## TASK REQUIREMENTS
Transcribe the entries below word for word, beginning at the line with "Steyr Mannlicher Bolt" and stopping after the line with "Rainbow Lemon Cheesecake"; drop all pictures.

## INFORMATION PROVIDED
BEGIN
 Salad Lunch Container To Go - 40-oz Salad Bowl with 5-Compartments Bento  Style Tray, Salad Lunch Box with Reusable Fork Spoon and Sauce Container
END
BEGIN
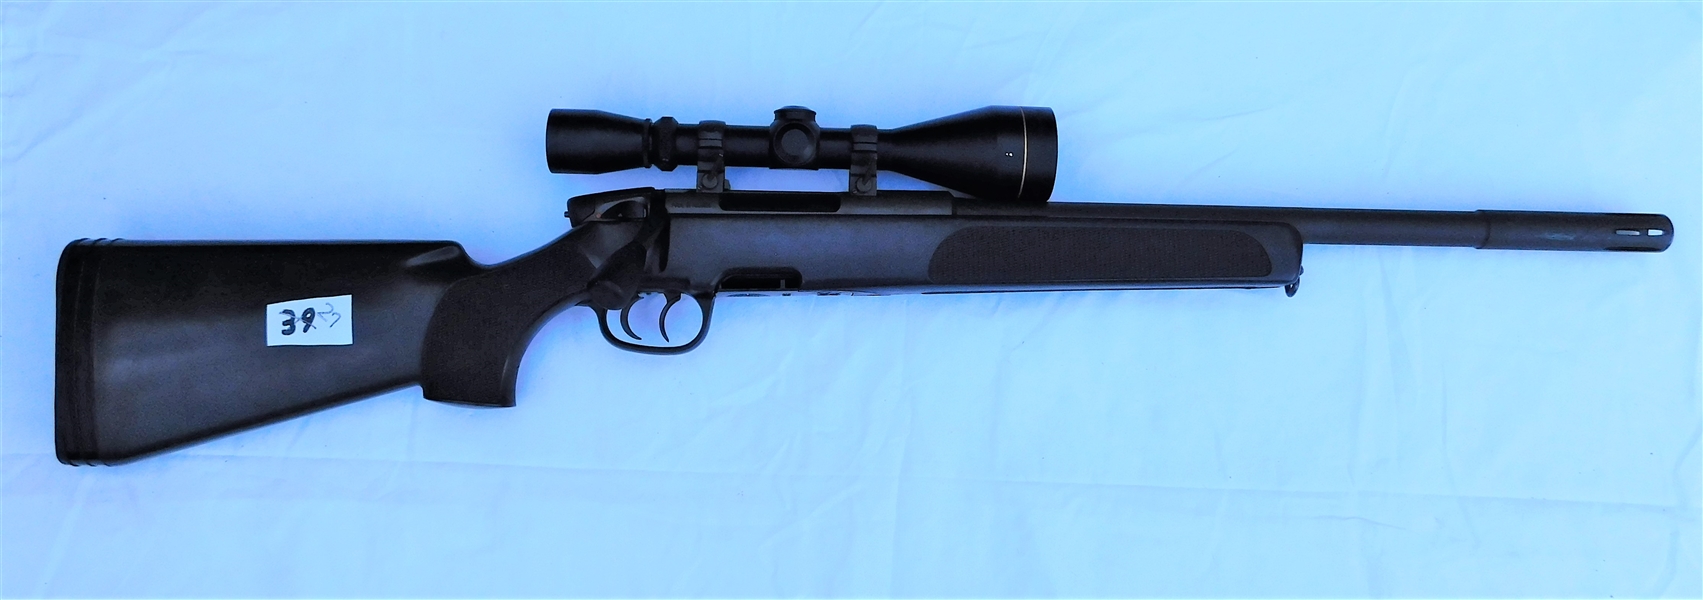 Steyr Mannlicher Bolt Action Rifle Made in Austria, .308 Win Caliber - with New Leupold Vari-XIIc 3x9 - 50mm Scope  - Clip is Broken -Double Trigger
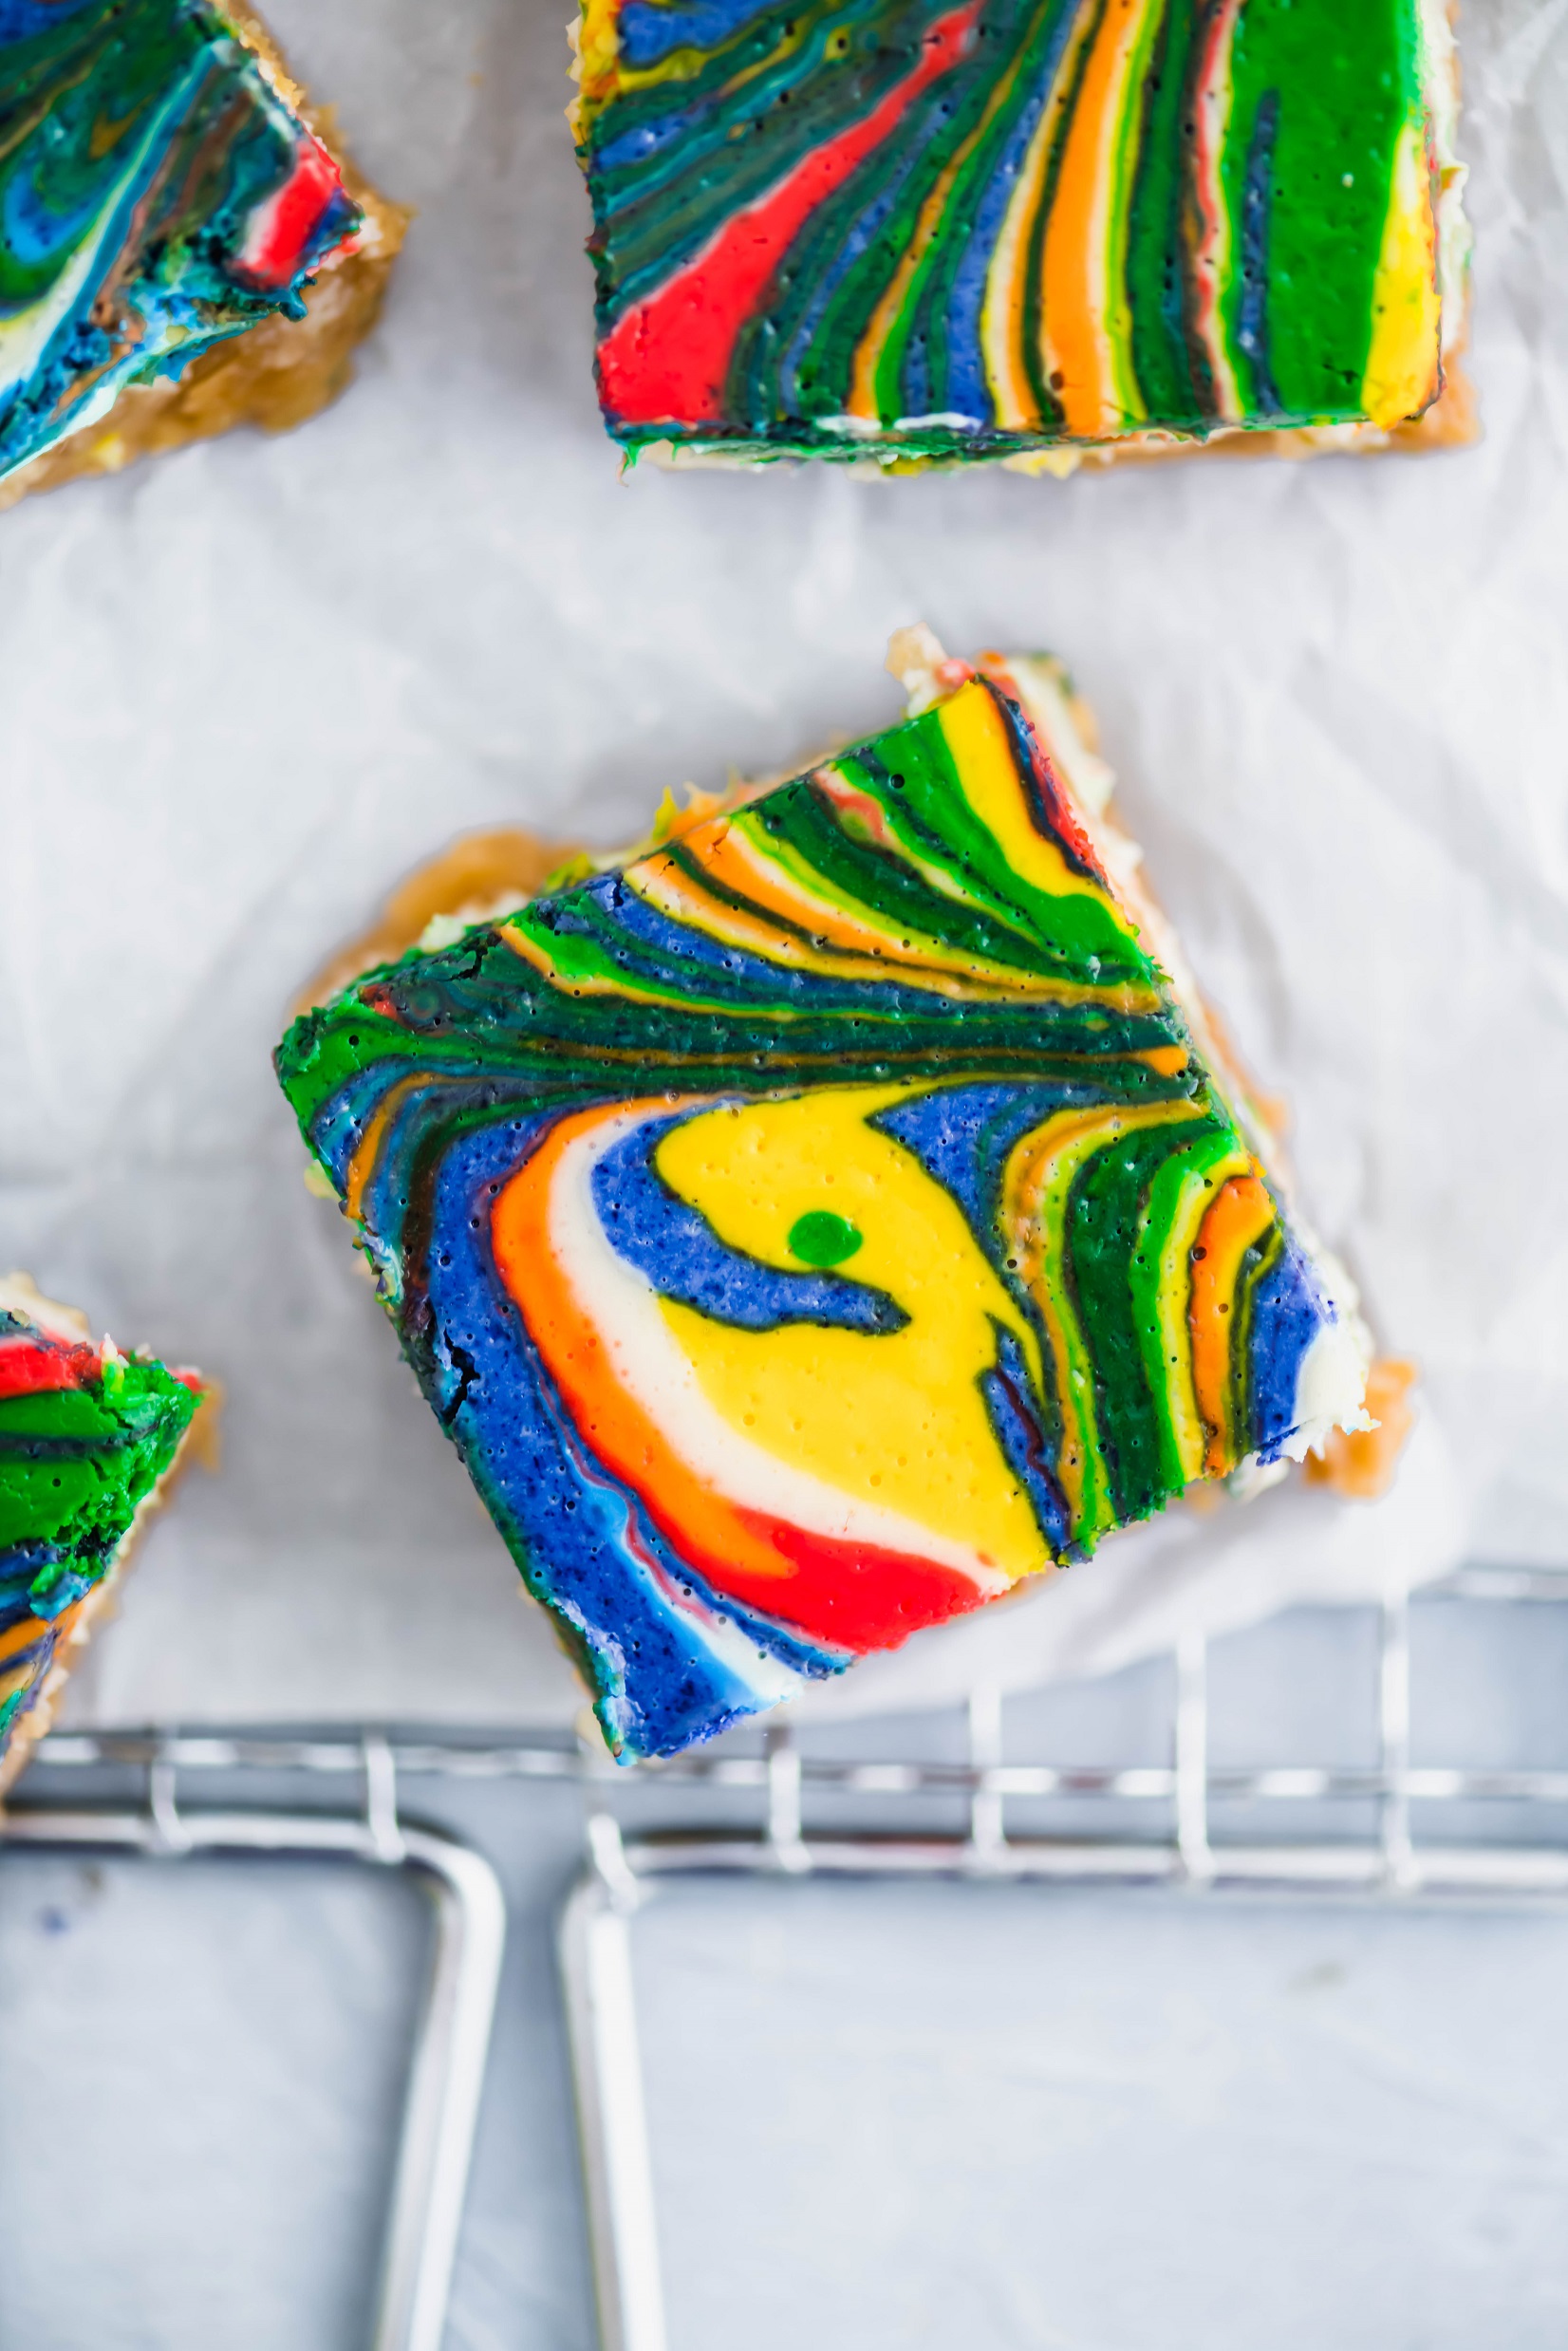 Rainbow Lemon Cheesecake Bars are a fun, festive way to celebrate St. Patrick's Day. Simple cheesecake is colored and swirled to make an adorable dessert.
END
## REPLY TO THE EXERCISE
 Steyr Mannlicher Bolt Action Rifle Made in Austria, .308 Win Caliber - with New Leupold Vari-XIIc 3x9 - 50mm Scope  - Clip is Broken -Double Trigger
 Rainbow Lemon Cheesecake Bars are a fun, festive way to celebrate St. Patrick's Day. Simple cheesecake is colored and swirled to make an adorable dessert.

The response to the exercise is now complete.